_EXERCISE DETAILS_
Word for word, transcribe the lines below and drop the pictures.

_DATA SECTION_
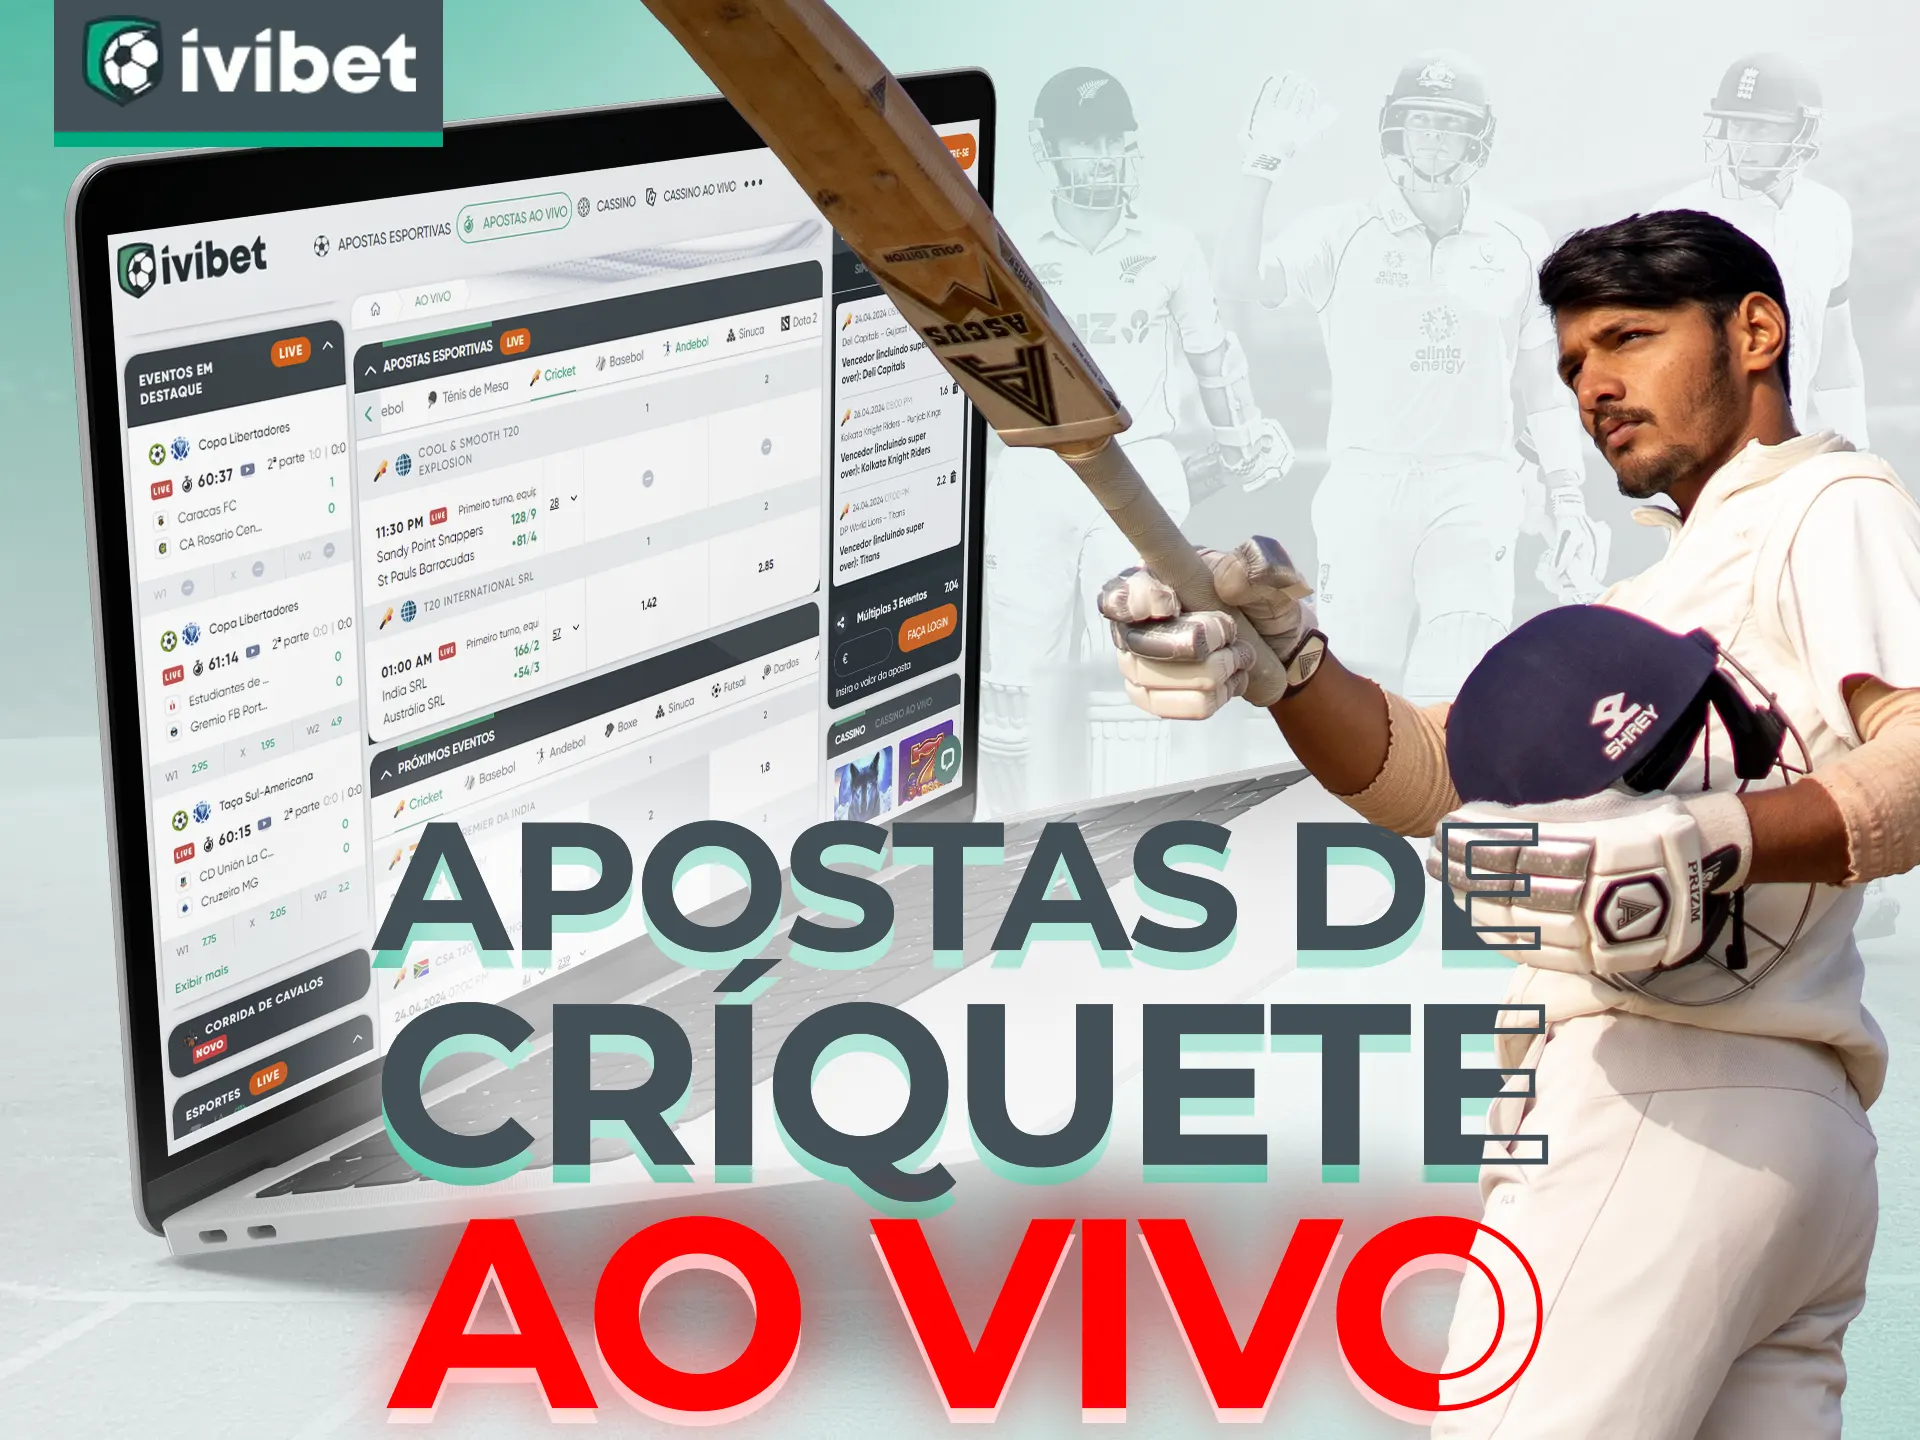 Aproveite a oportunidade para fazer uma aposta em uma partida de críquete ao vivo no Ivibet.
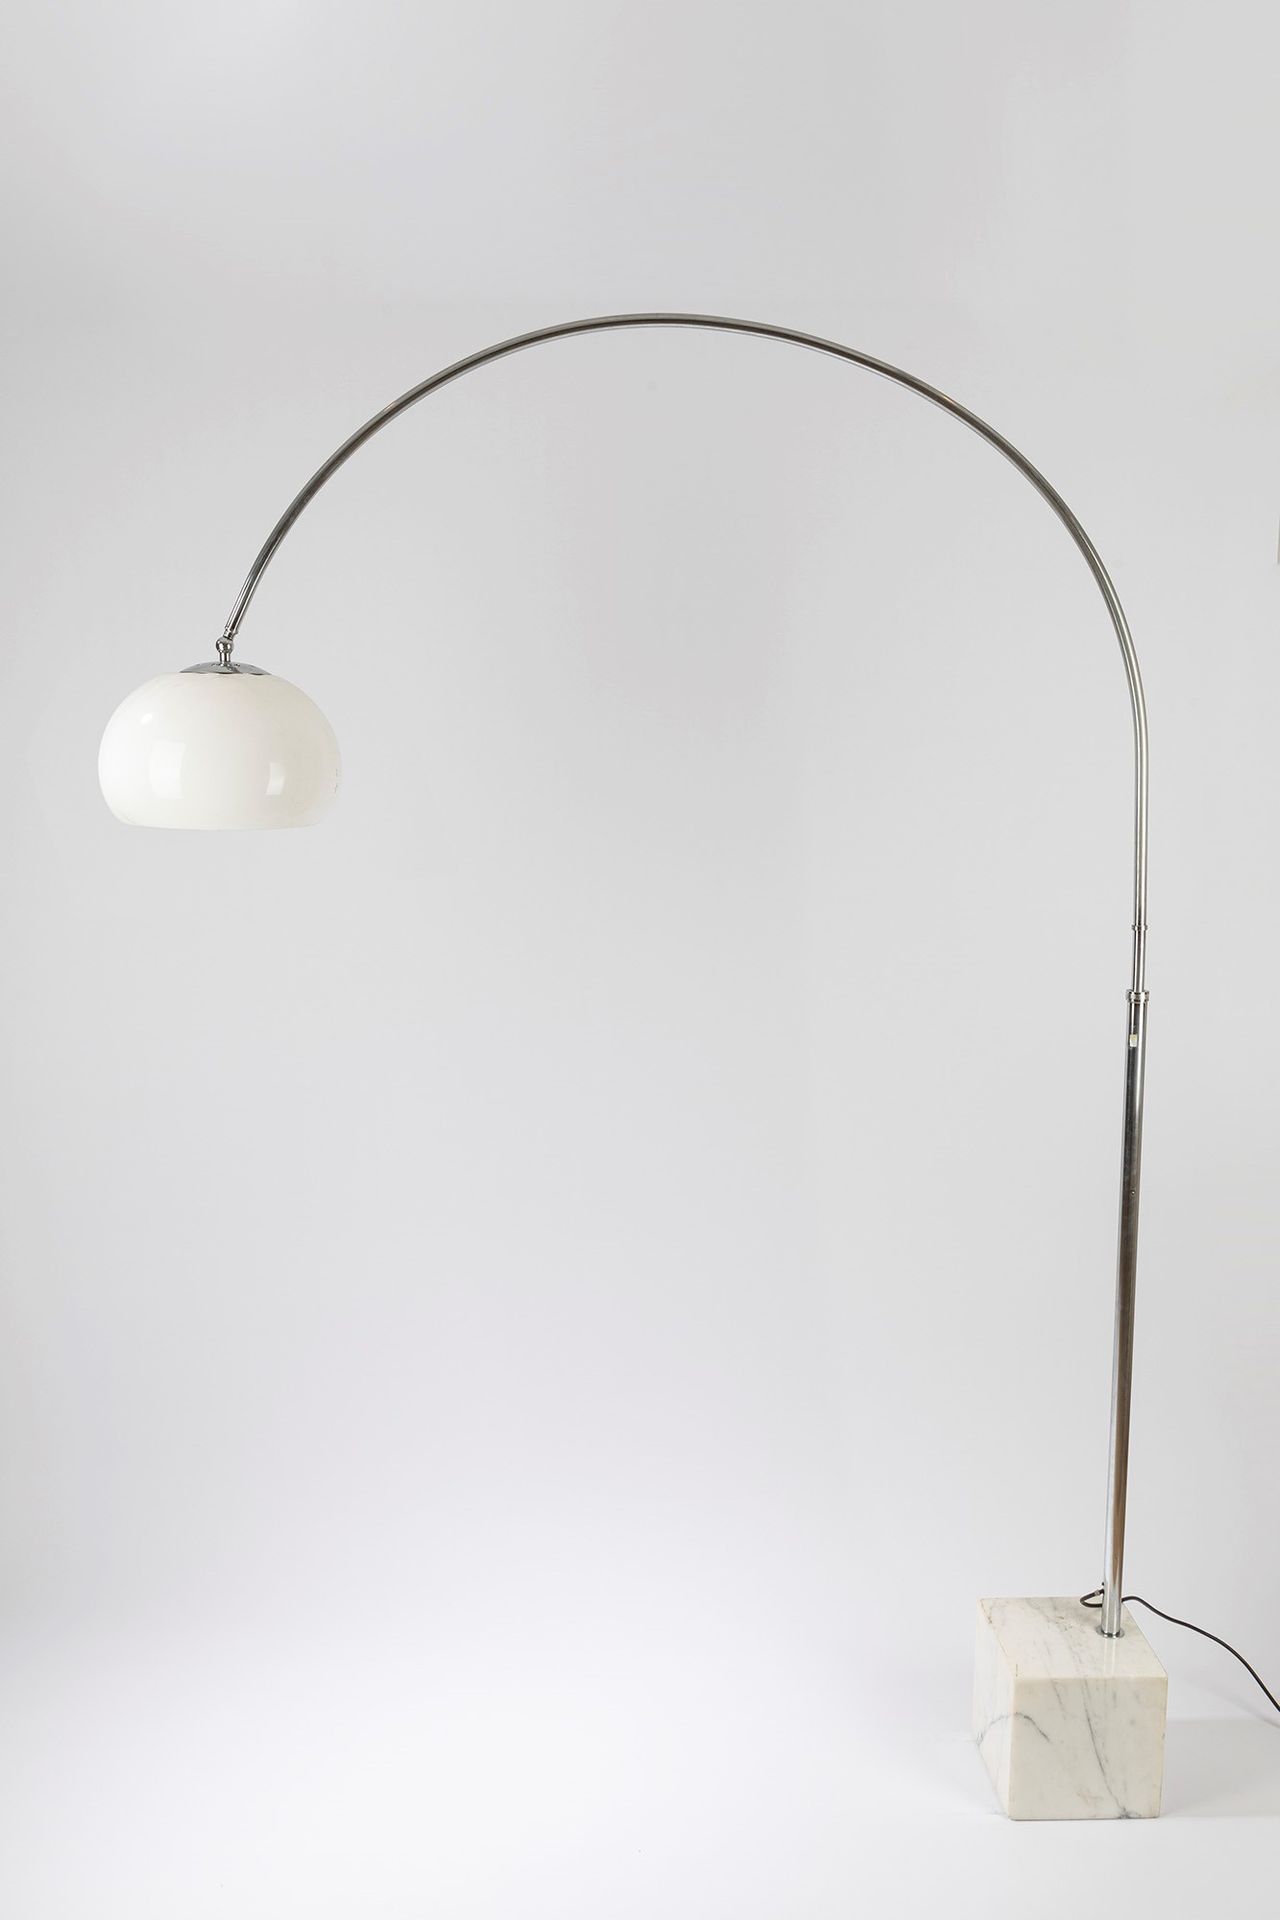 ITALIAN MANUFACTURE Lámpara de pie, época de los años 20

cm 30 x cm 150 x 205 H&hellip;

_RESULT OF THIS TASK_
 Aproveite a oportunidade para fazer uma aposta em uma partida de críquete ao vivo no Ivibet.
 ITALIAN MANUFACTURE Lámpara de pie, época de los años 20

cm 30 x cm 150 x 205 H&hellip;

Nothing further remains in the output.